◆ What you should do: In the listing that follows, give every line again exactly and omit the pictures.

------ Raw data ------

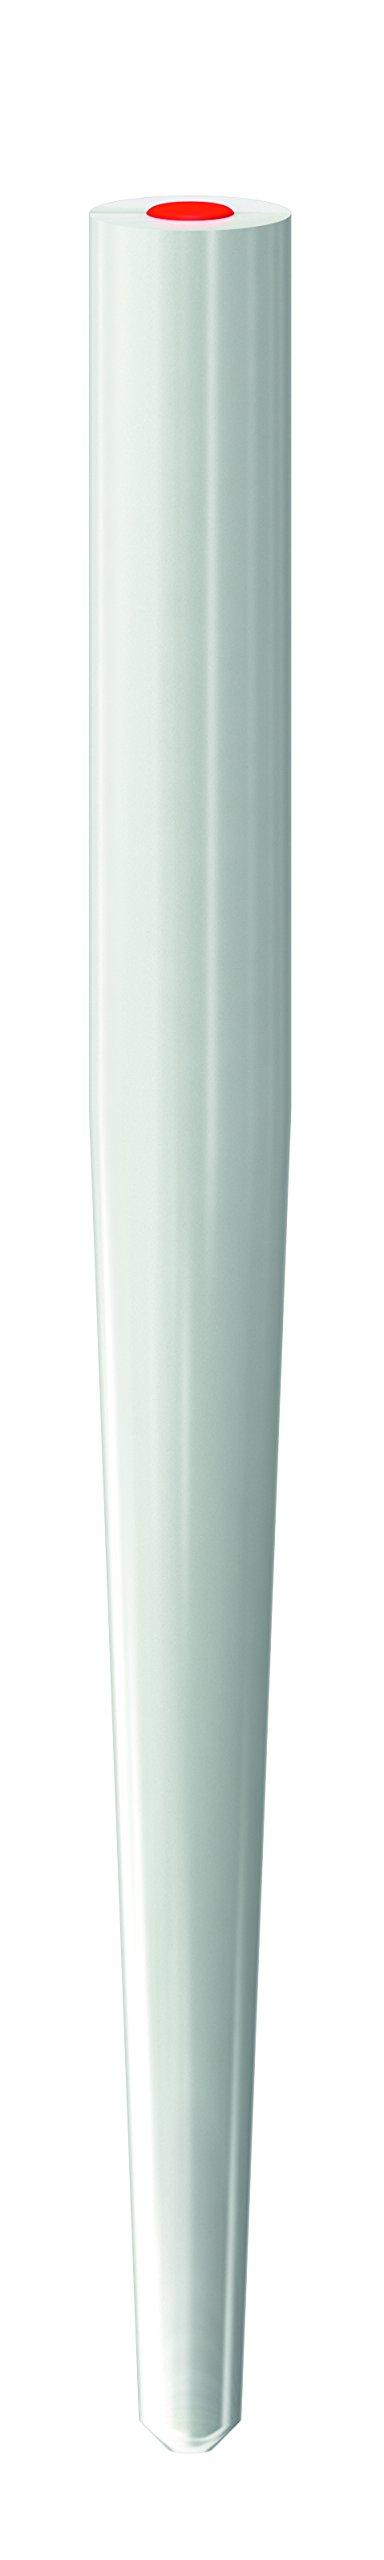 Komet USA 232L12.090 C-Post (Pack of 5)
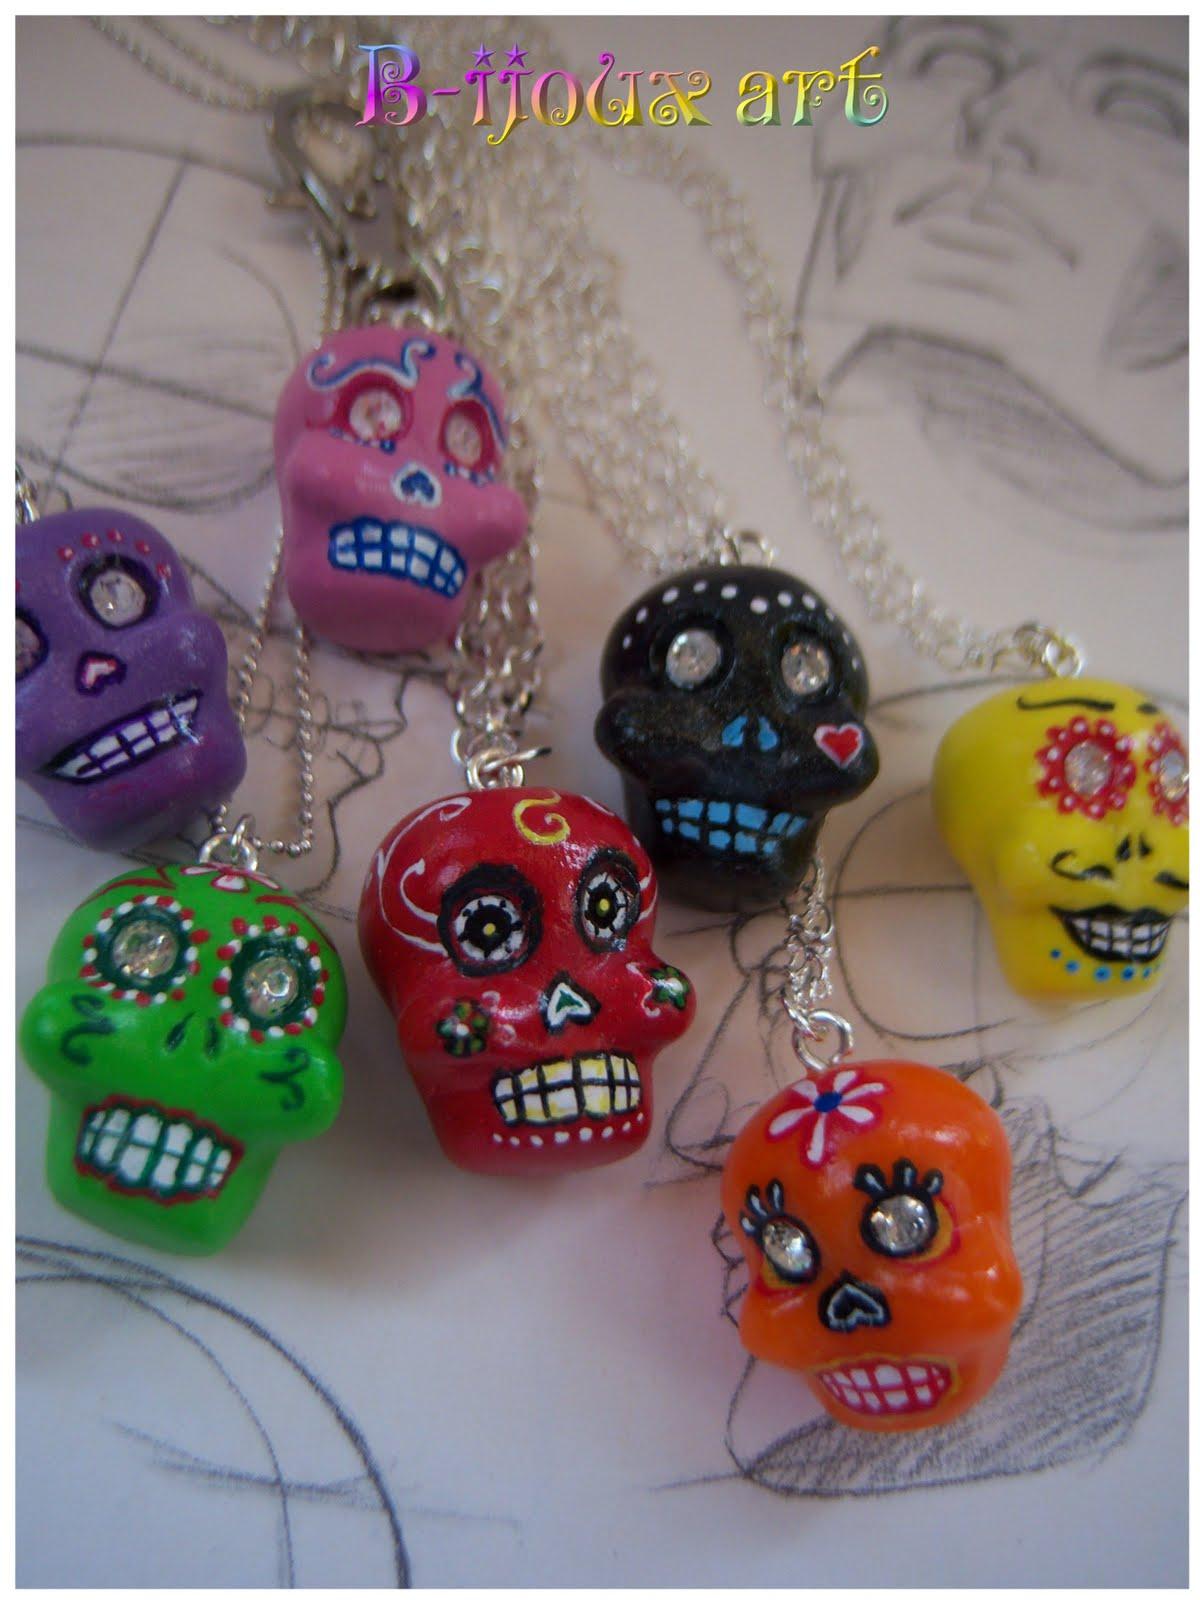 http://1.bp.blogspot.com/-sjNFIzHOsB4/TdZEnou-5CI/AAAAAAAABe0/LO3PNg3bfs0/s1600/teschi+messicani+colorati.JPG
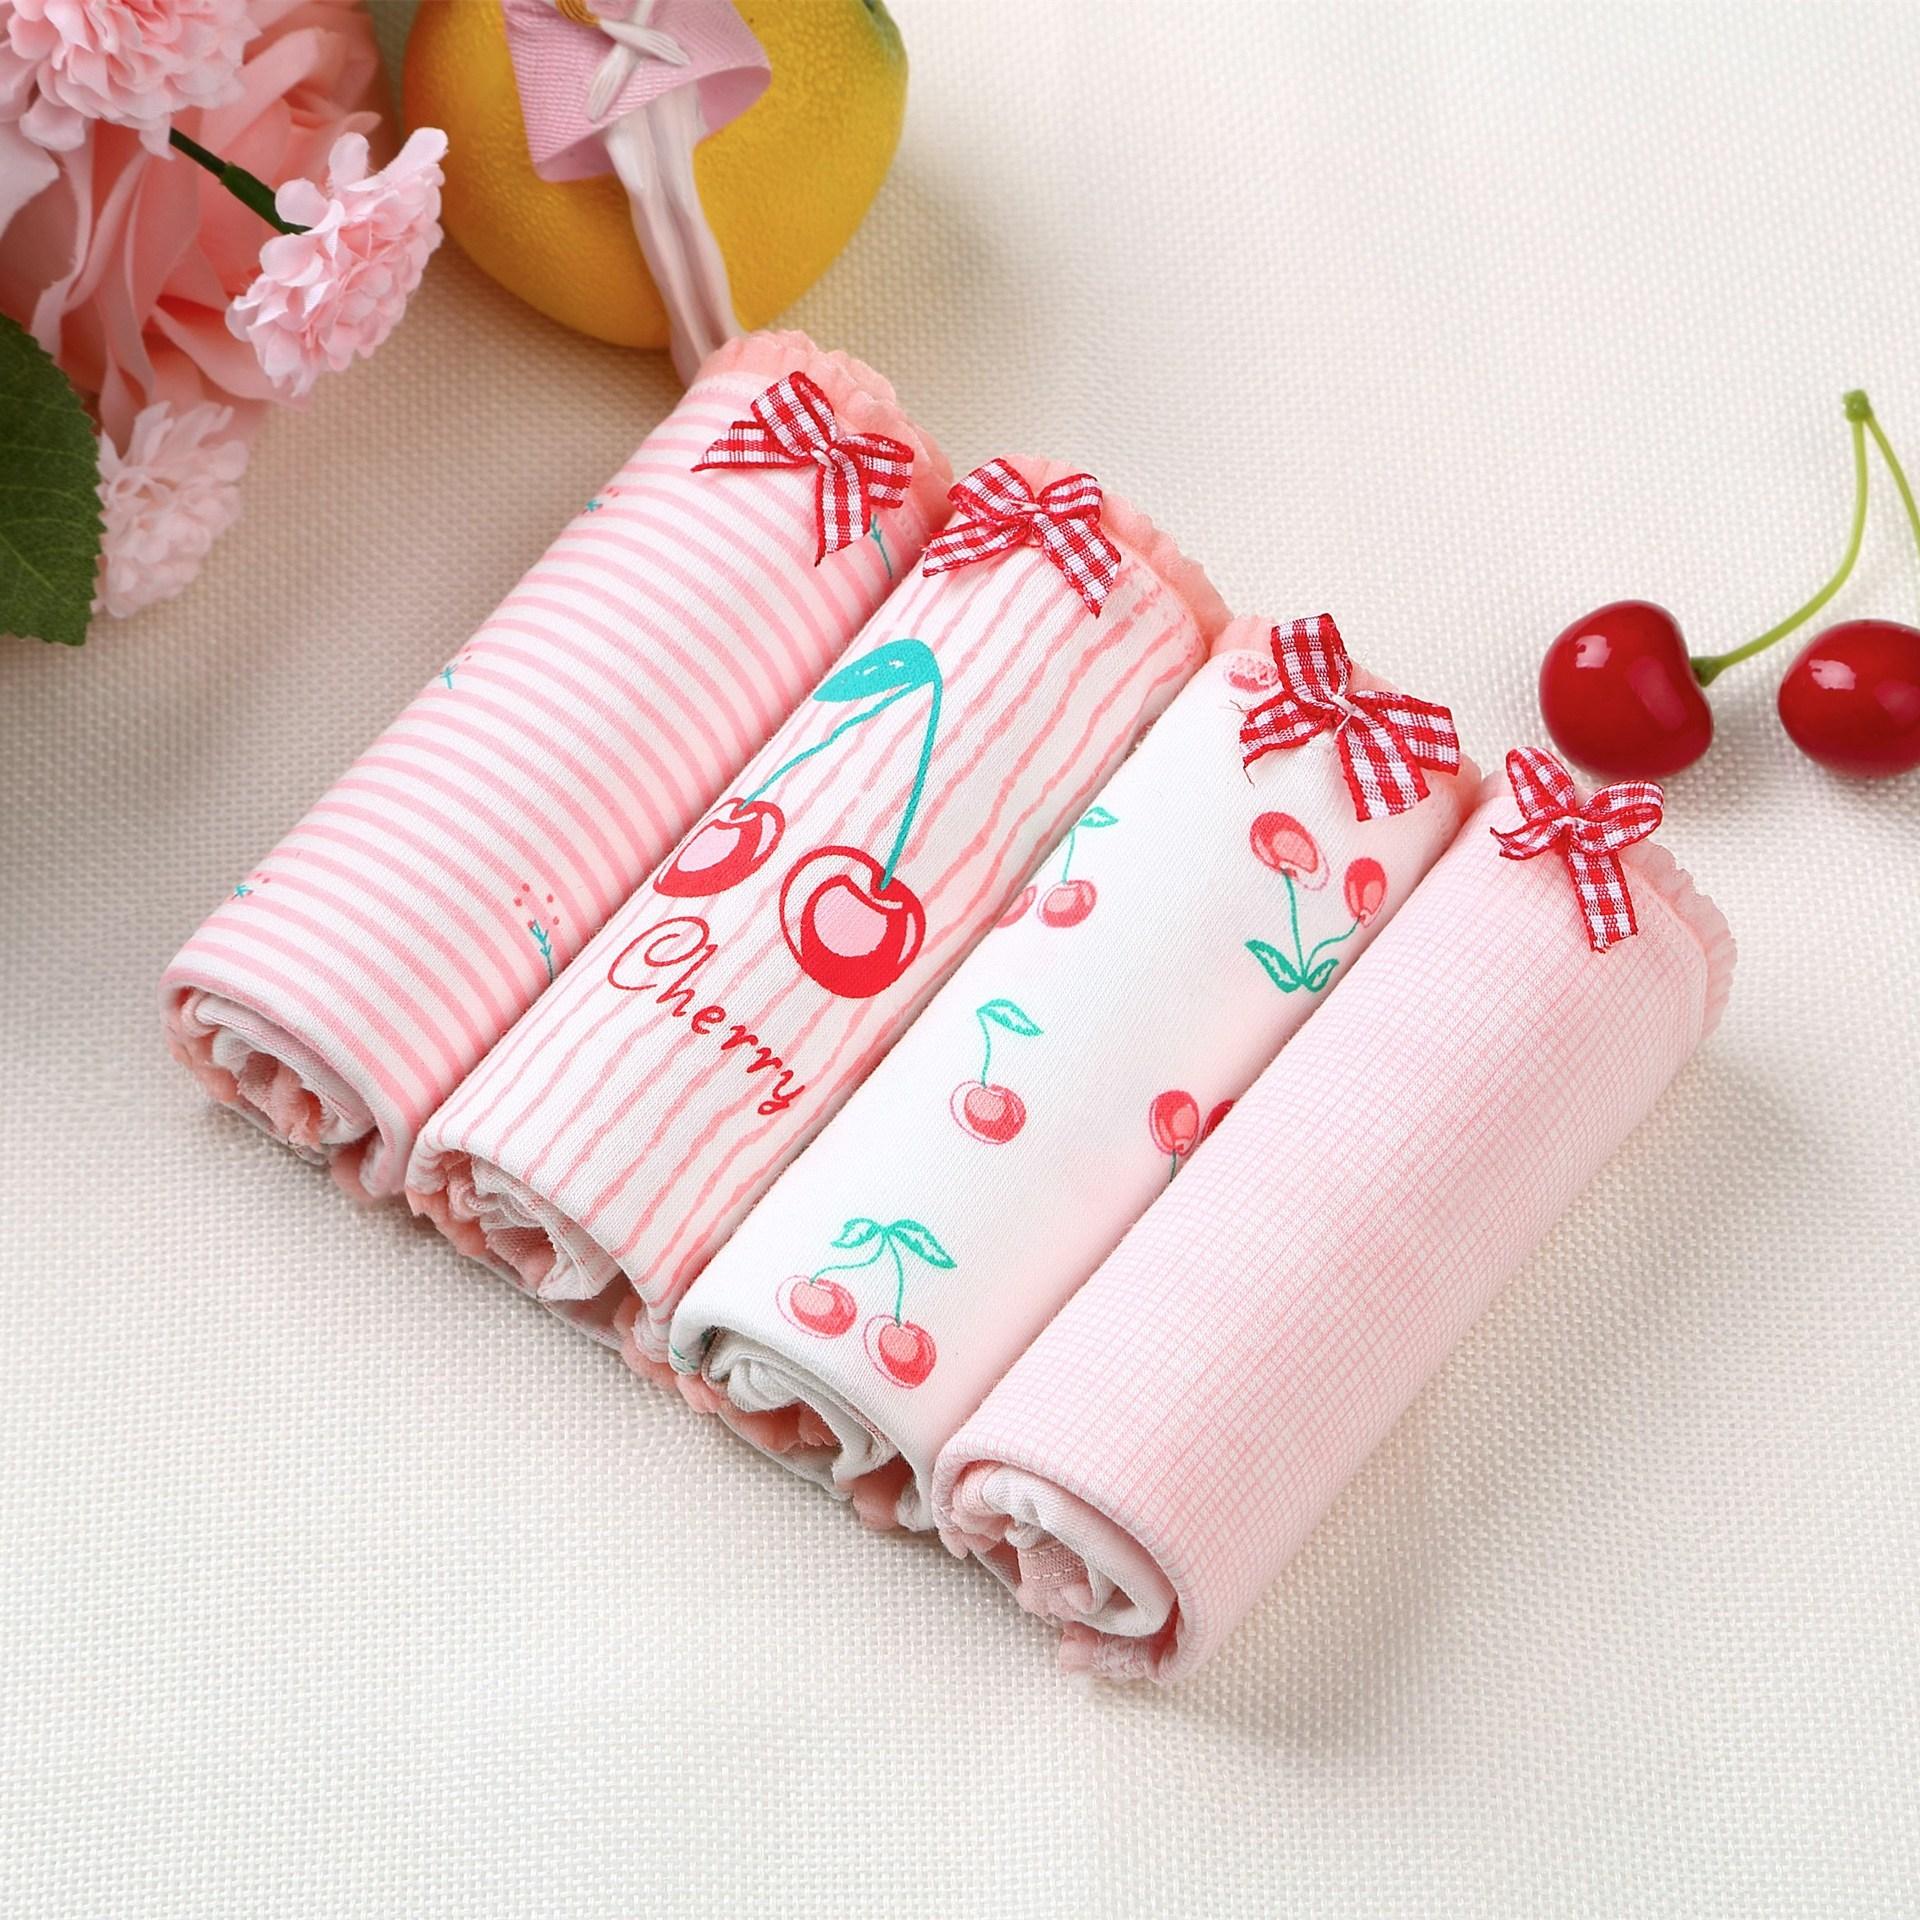 Women's   panties   cotton gril briefs Strawberry watermelon cherry print underwear female sexy lingerie ladies underpants 2019

------

◆ Solution to this problem:
 Komet USA 232L12.090 C-Post (Pack of 5)
 http://1.bp.blogspot.com/-sjNFIzHOsB4/TdZEnou-5CI/AAAAAAAABe0/LO3PNg3bfs0/s1600/teschi+messicani+colorati.JPG
 Women's   panties   cotton gril briefs Strawberry watermelon cherry print underwear female sexy lingerie ladies underpants 2019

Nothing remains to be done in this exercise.